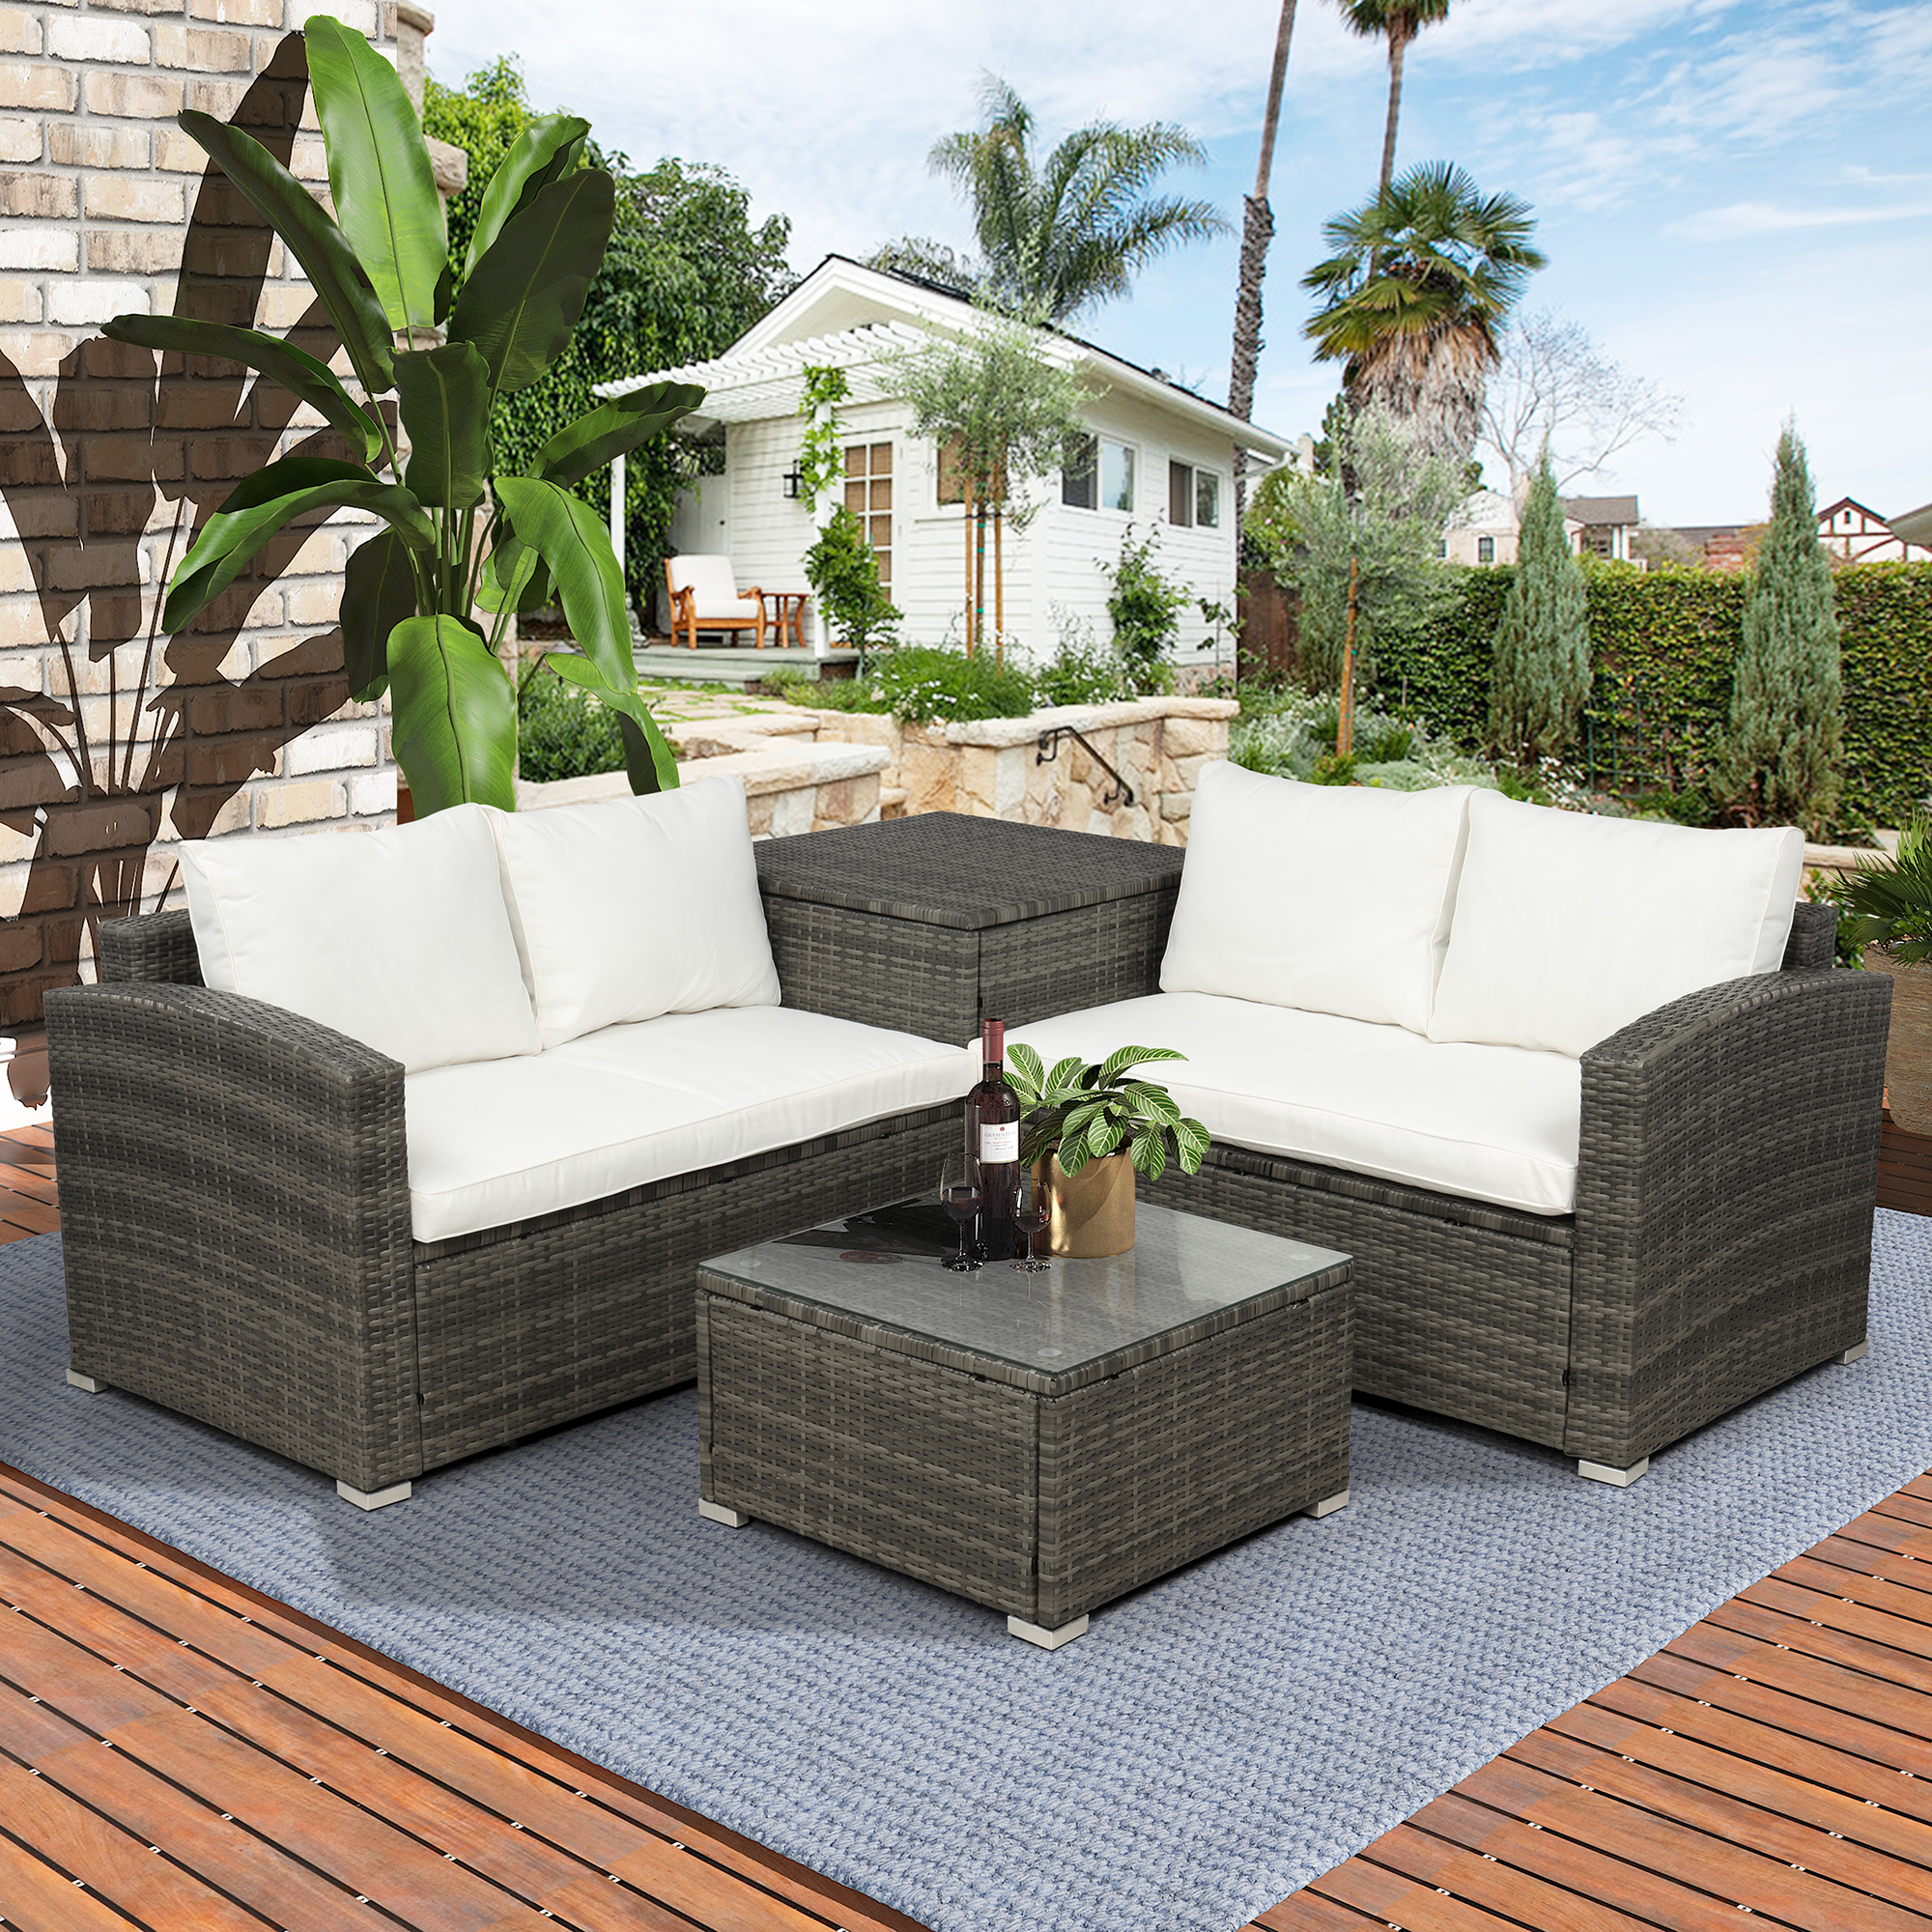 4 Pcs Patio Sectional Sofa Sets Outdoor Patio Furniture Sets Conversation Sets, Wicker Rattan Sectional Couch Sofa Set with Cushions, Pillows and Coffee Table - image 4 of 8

* * *

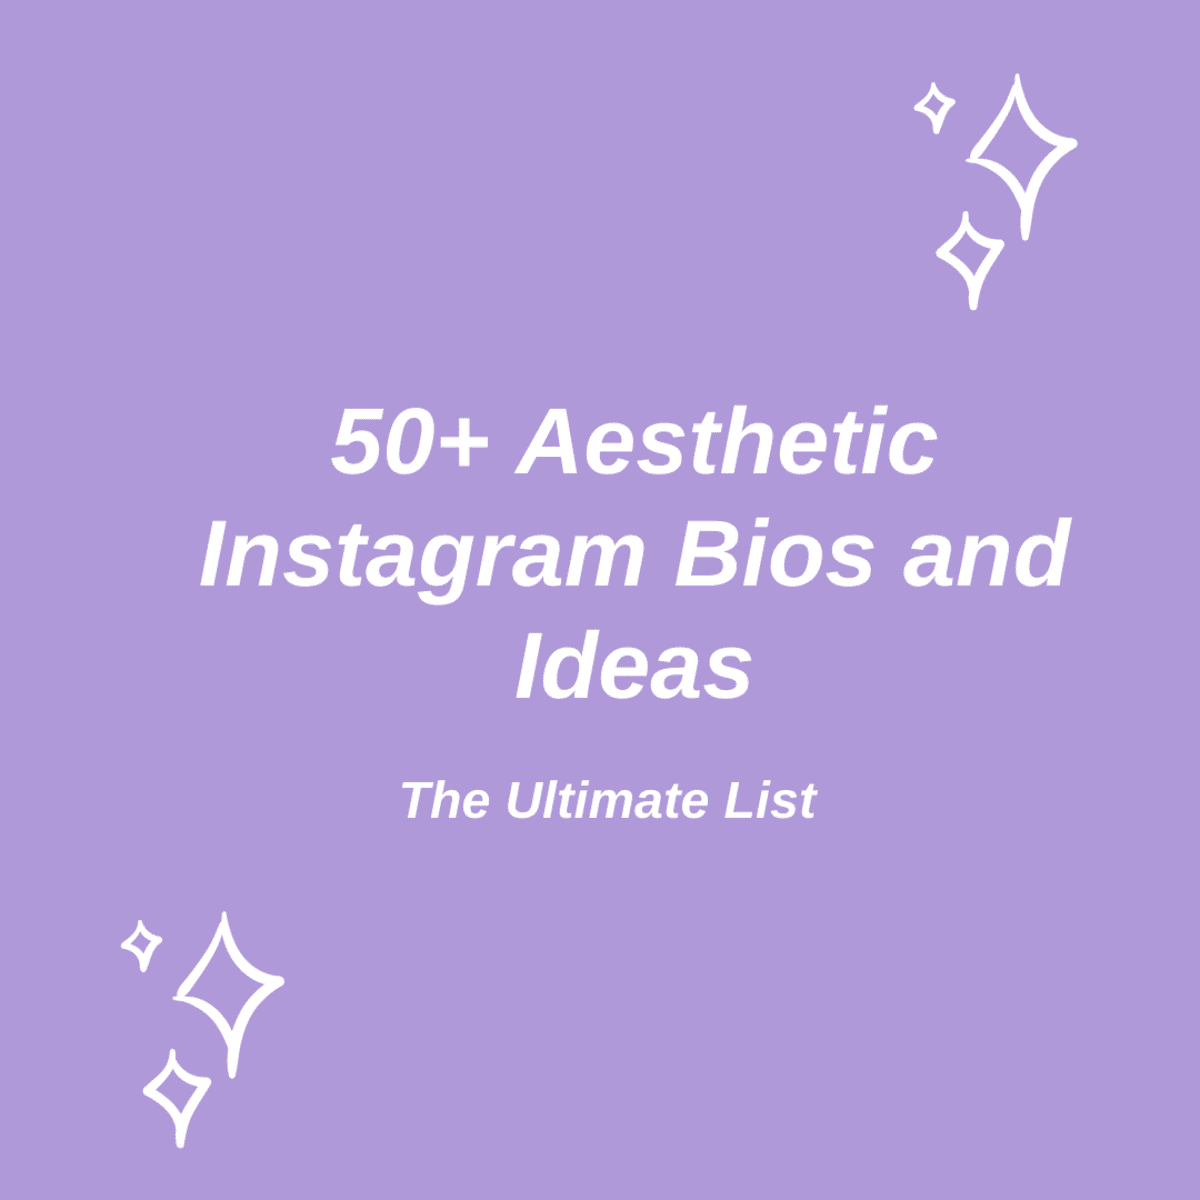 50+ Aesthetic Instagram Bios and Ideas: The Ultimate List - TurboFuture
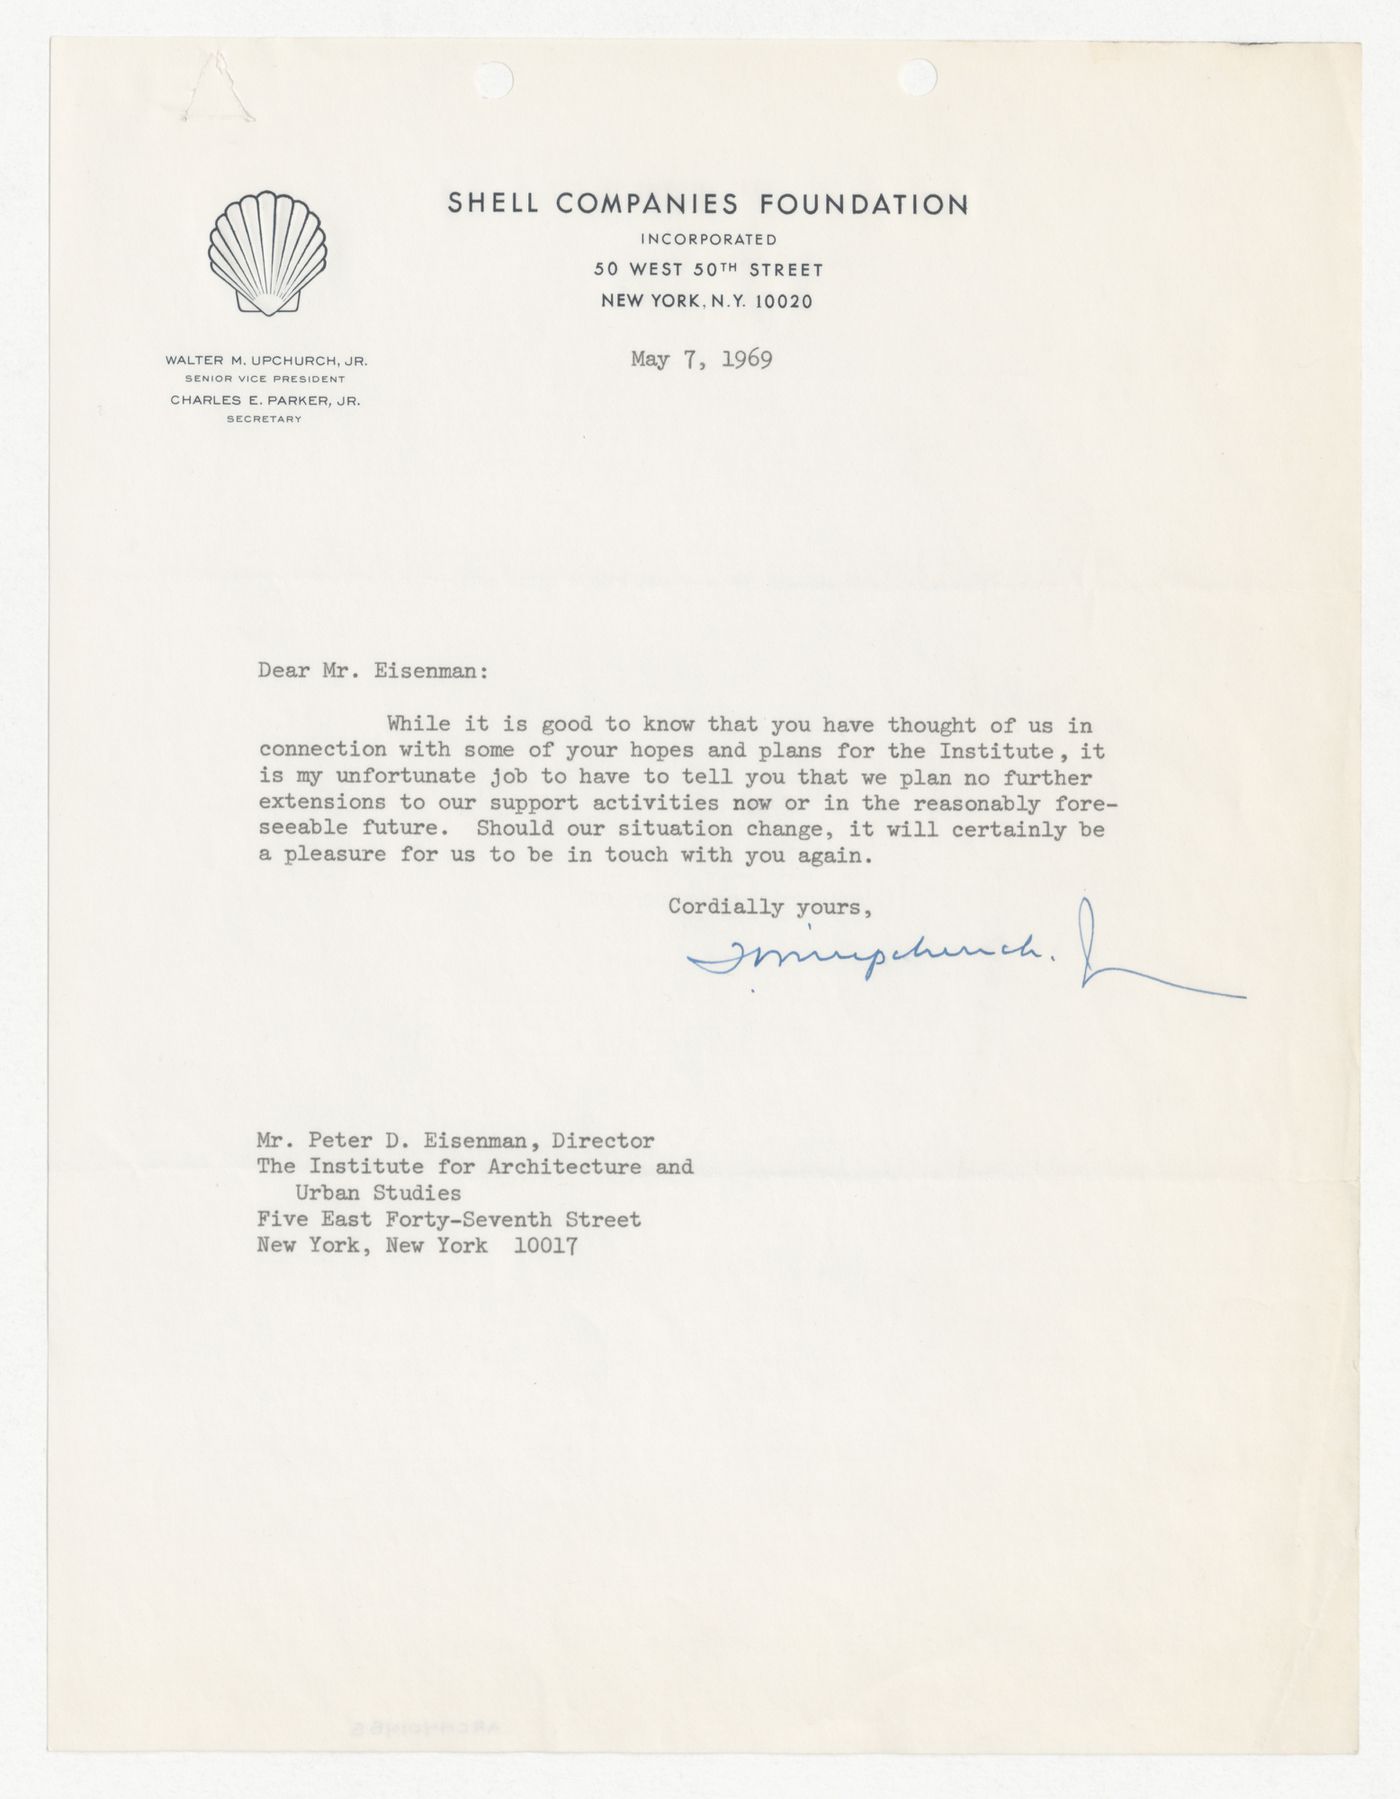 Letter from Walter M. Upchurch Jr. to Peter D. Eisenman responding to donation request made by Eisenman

THE TASK - In the listing above, find the line with "50+ Aesthetic Instagram" and the line with "Letter from Walter". Copy both of them and every line between, exactly, but not the pictures.

EXPECTED ANSWER -
 50+ Aesthetic Instagram Bios and Ideas: The Ultimate List - TurboFuture
 Letter from Walter M. Upchurch Jr. to Peter D. Eisenman responding to donation request made by Eisenman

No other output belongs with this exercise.